#### [Exercise material]
┏━━

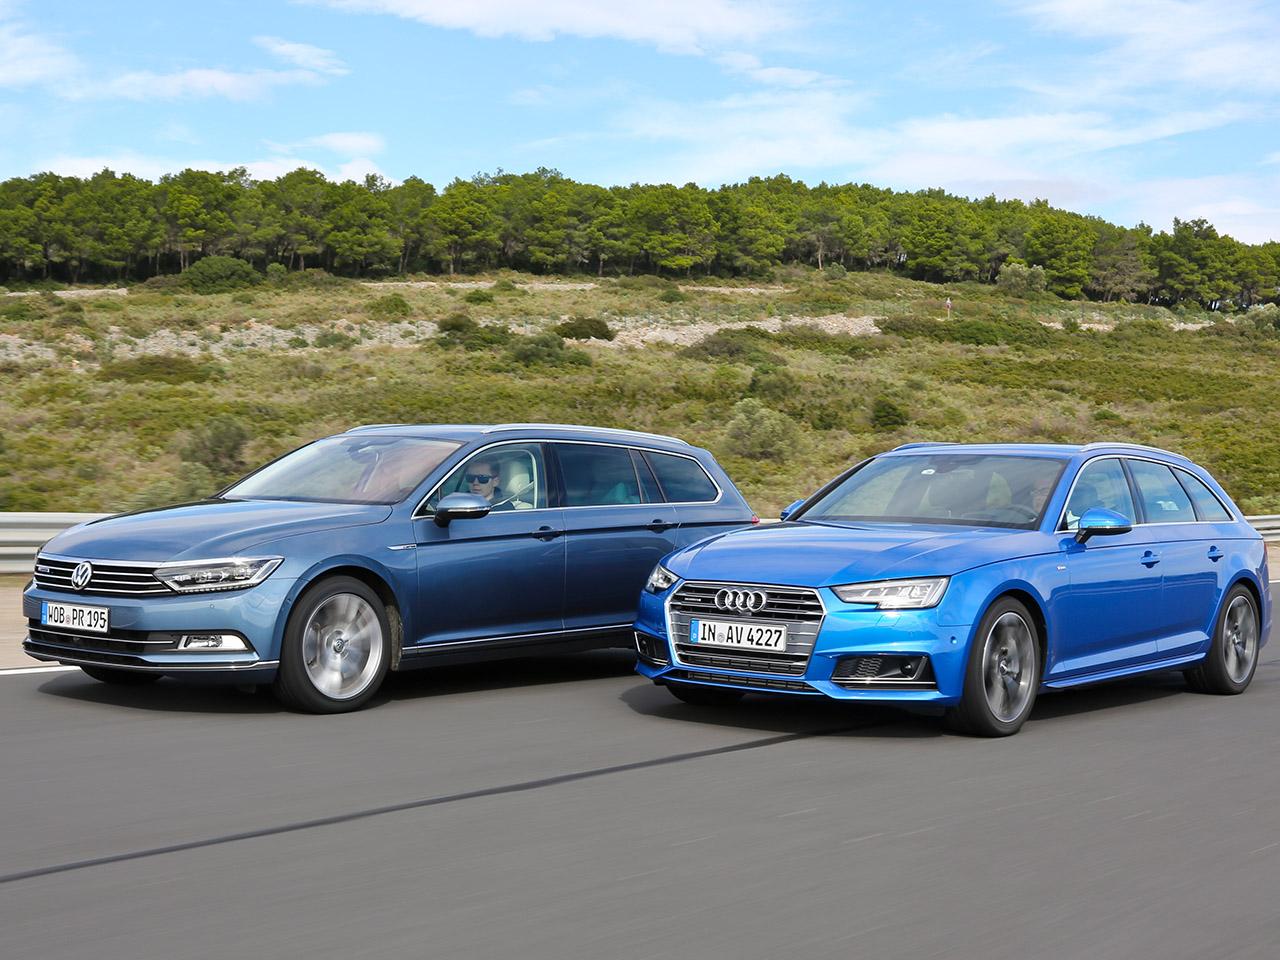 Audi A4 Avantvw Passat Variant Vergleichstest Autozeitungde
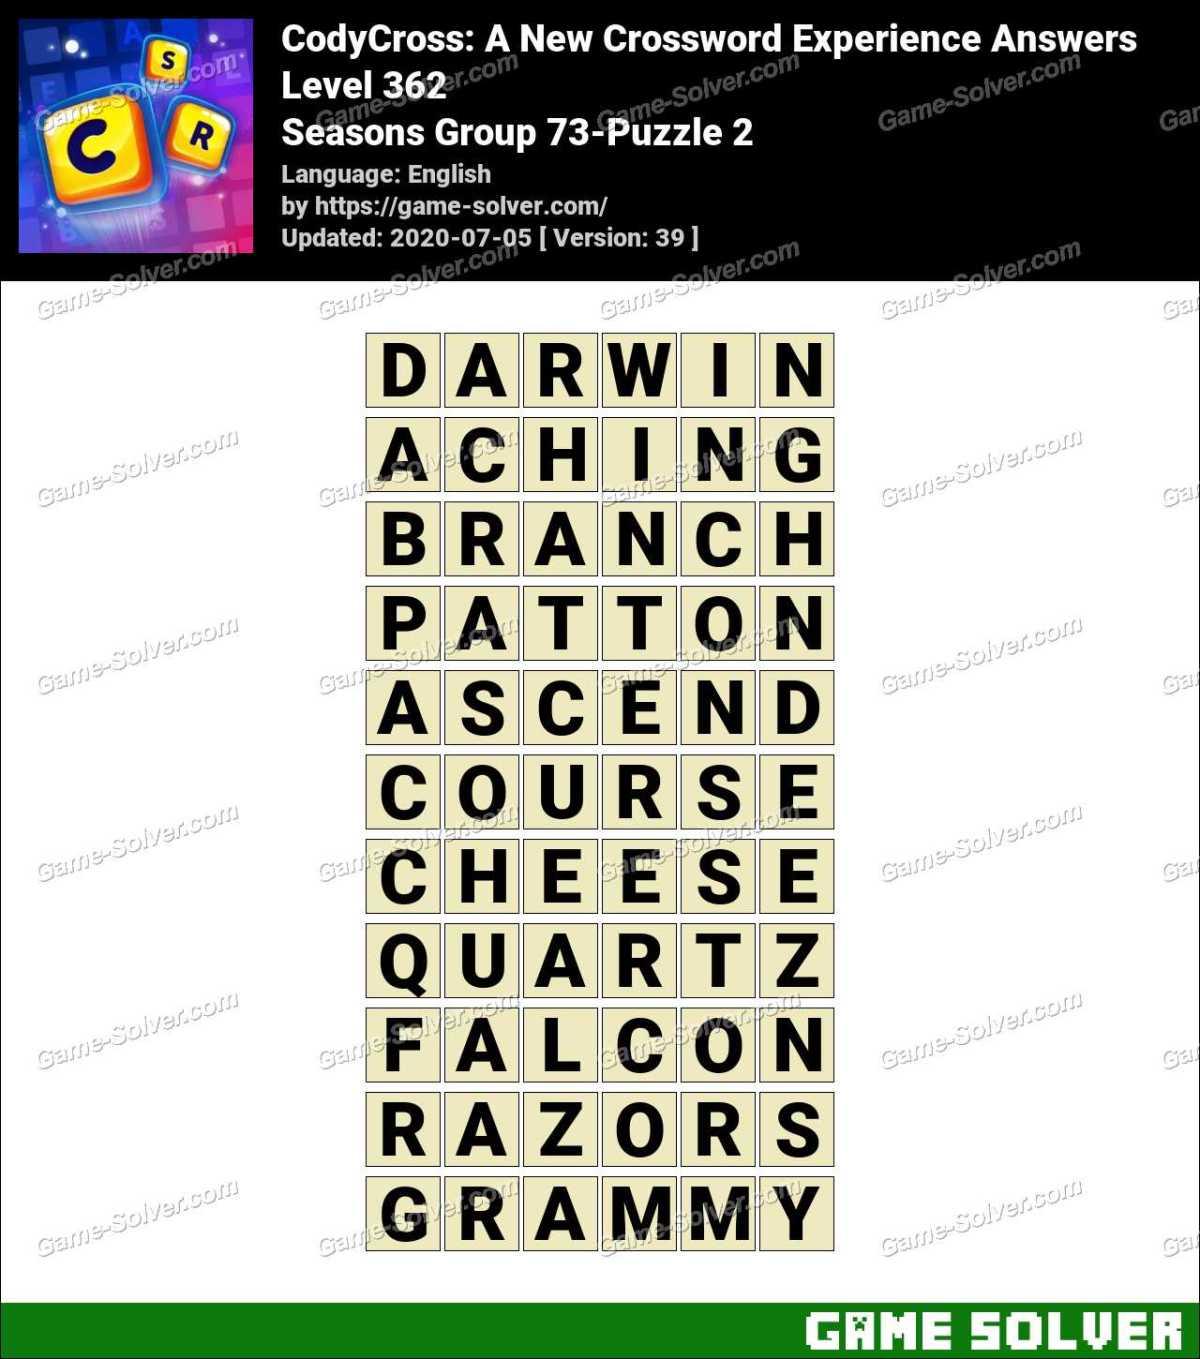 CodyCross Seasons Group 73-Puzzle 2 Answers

┗━━
┏━━

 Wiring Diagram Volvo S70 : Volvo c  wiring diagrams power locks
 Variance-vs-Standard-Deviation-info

┗━━
┏━━

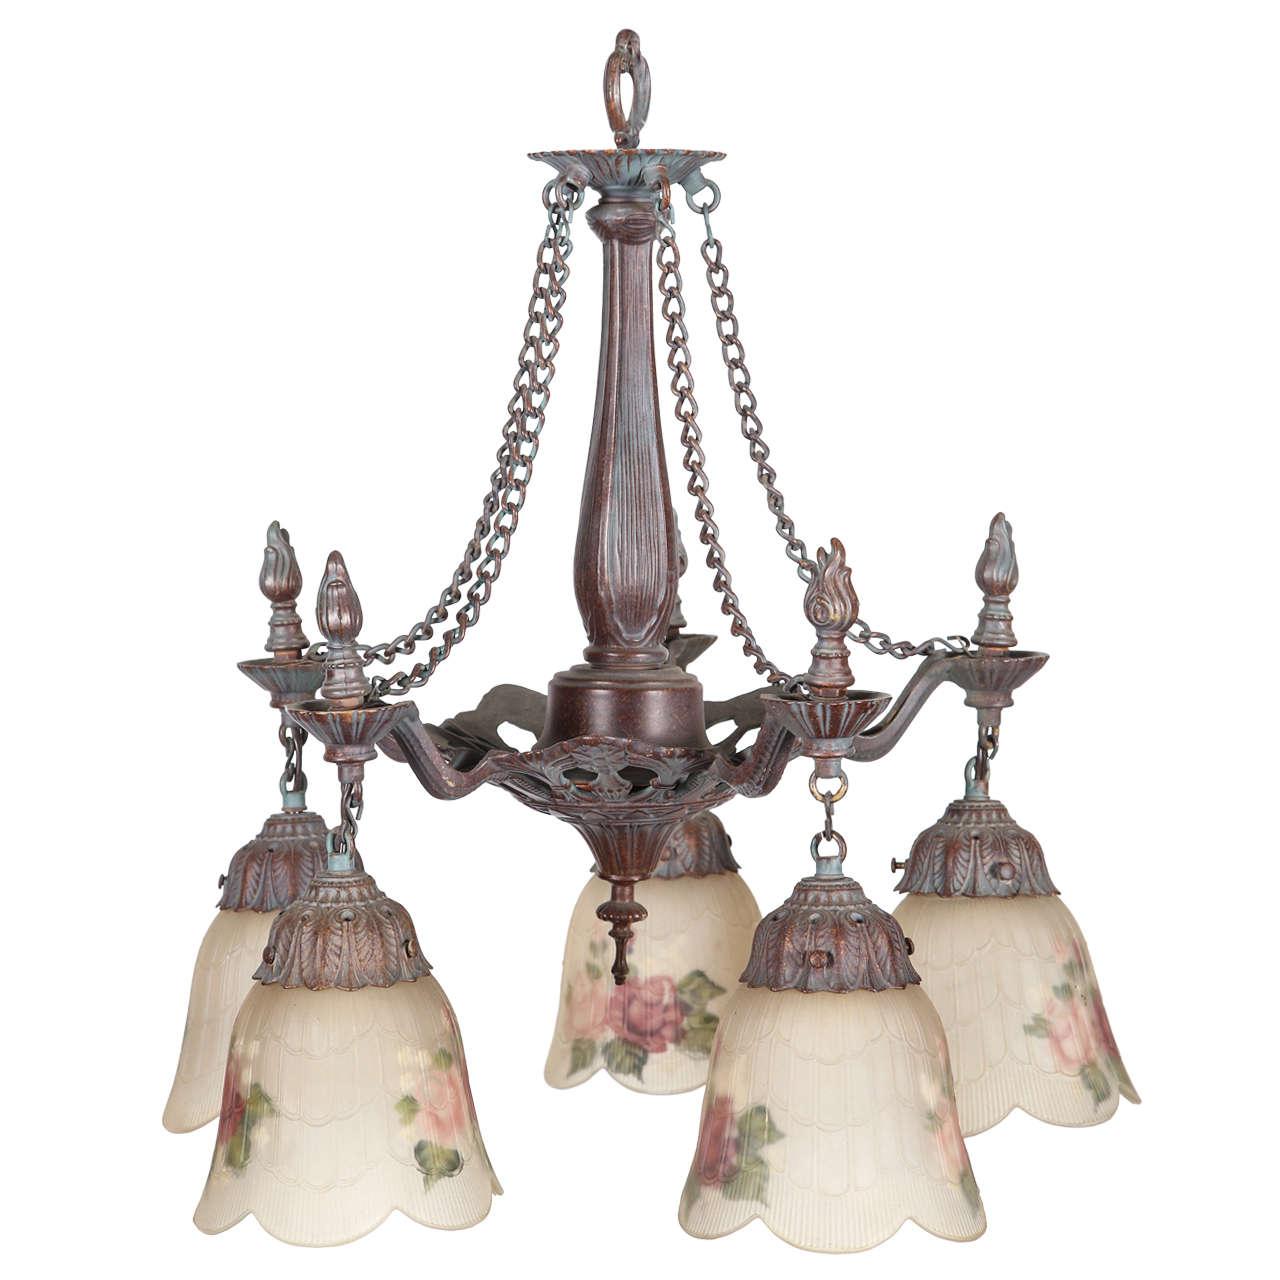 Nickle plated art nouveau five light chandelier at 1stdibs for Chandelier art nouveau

┗━━

#### [The task]
What are the lines in the records above, word for word, from the one containing "Audi A4 Avantvw" through the one containing "CodyCross Seasons Group 73-Puzzle 2 Answers", both ends included and pictures left out?

#### [Task result]
 Audi A4 Avantvw Passat Variant Vergleichstest Autozeitungde
 CodyCross Seasons Group 73-Puzzle 2 Answers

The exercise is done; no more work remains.